Ермил Костров состоял в официальном звании штатного стихотворца Московского университета. Гравюра из книги «Галерея русских писателей». М., 1901 |
В какую бы нелепую ситуацию писатели или кинорежиссеры ни поставили своих героев, почти всегда оказывается, что это уже было когда-то в реальной жизни! Помните, сколько изощрялись критики, доказывавшие нелепость «подневольного путешествия» Жени Лукашина из Москвы в Ленинград на такую же улицу Строителей? А если бы они внимательно покопались в литературных историях стародавних времен, то узнали бы, что нечто похожее уже случалось в России в конце XVIII века. Но по порядку.

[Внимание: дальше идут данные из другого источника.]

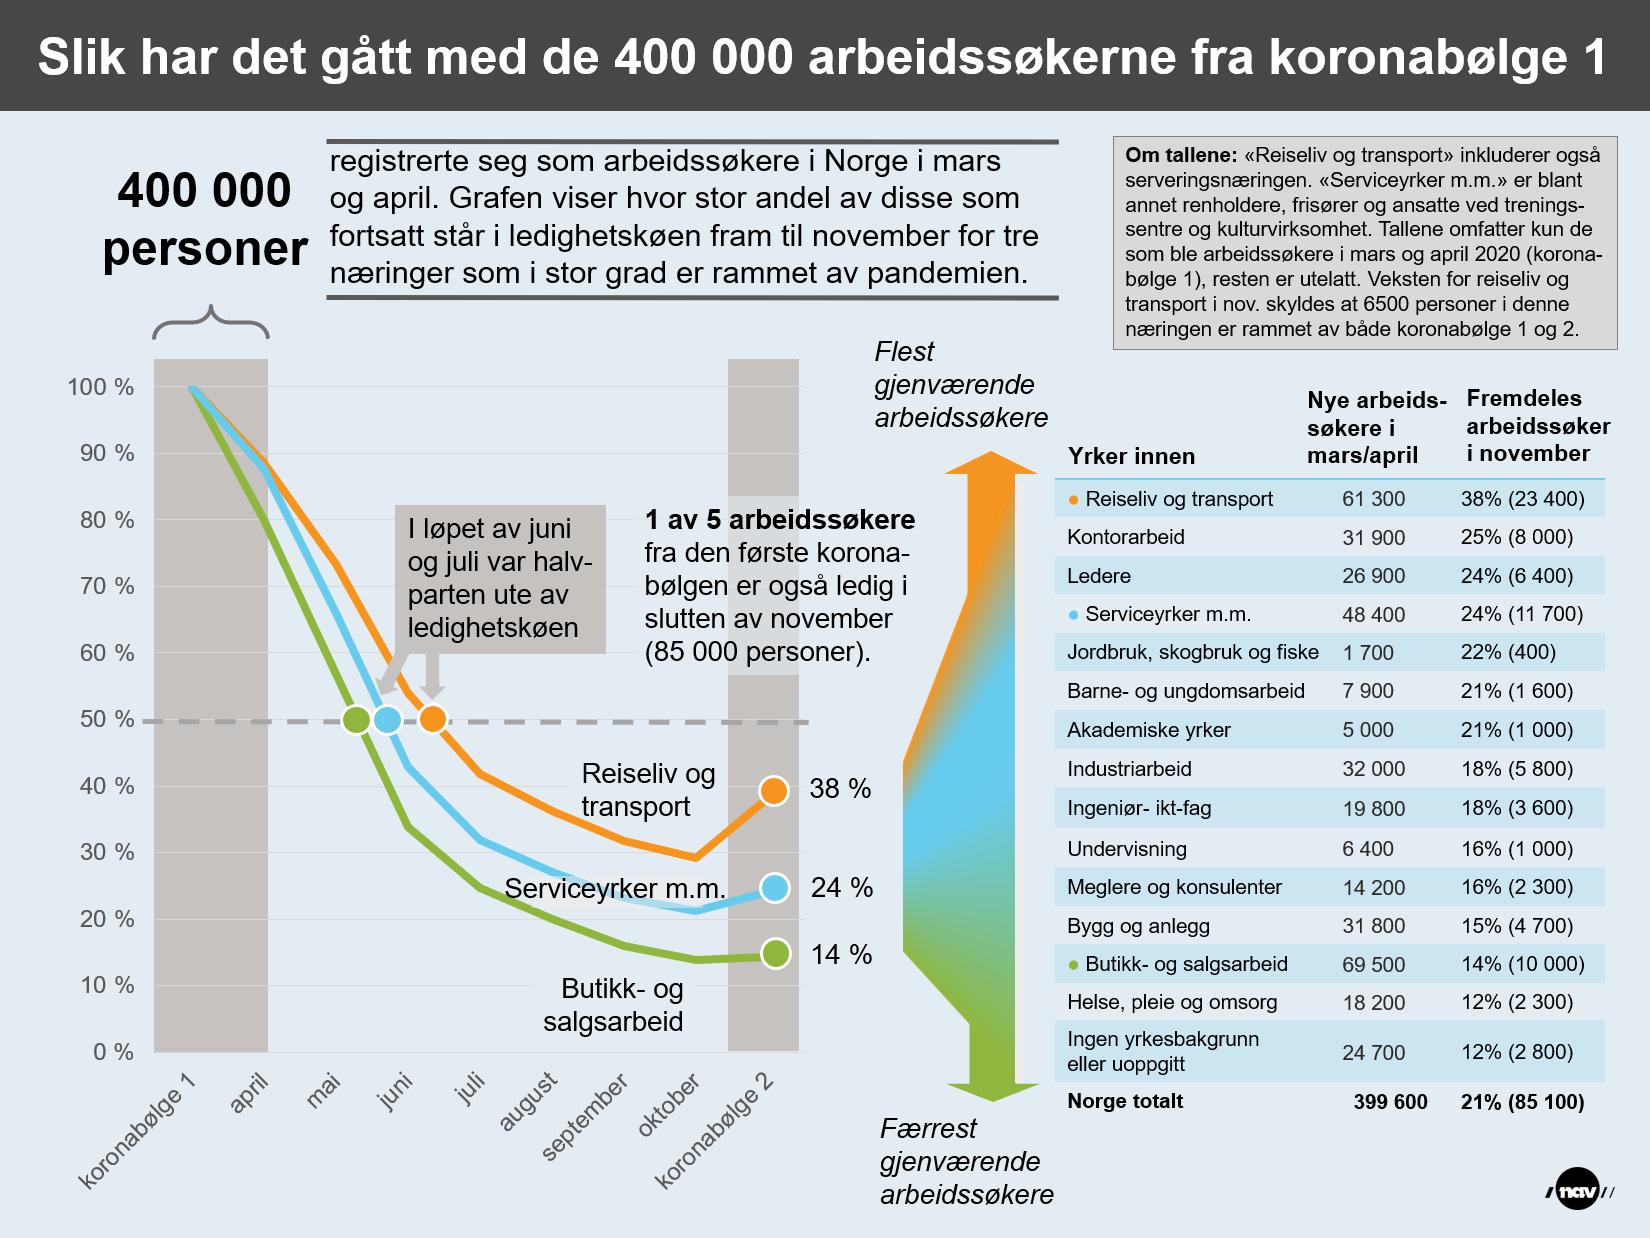 Infografikk som viser utviklingen i arbeidsledighet for de 400 000 arbeidssøkerne fra koronabølge 1

Жил когда-то (в XVIII веке) на свете поэт Ермил Иванович Костров, между прочим, состоявший в официальном звании штатного стихотворца Московского университета. О значении Кострова для русской литературы можно и поспорить, но единственное, с чем согласны все энциклопедические словари, так это то, что он был настоящим поэтом. В том числе и по образу жизни. Поскольку был человеком, грубо говоря, пьющим. А еще проще – был Ермил Иванович запойным пьяницей. Может быть, именно по этой причине вся жизнь его рассыпалась на множество исторических анекдотов, смешных и нелепых случайностей, пересказываемых вот уже более 200 лет разными авторами.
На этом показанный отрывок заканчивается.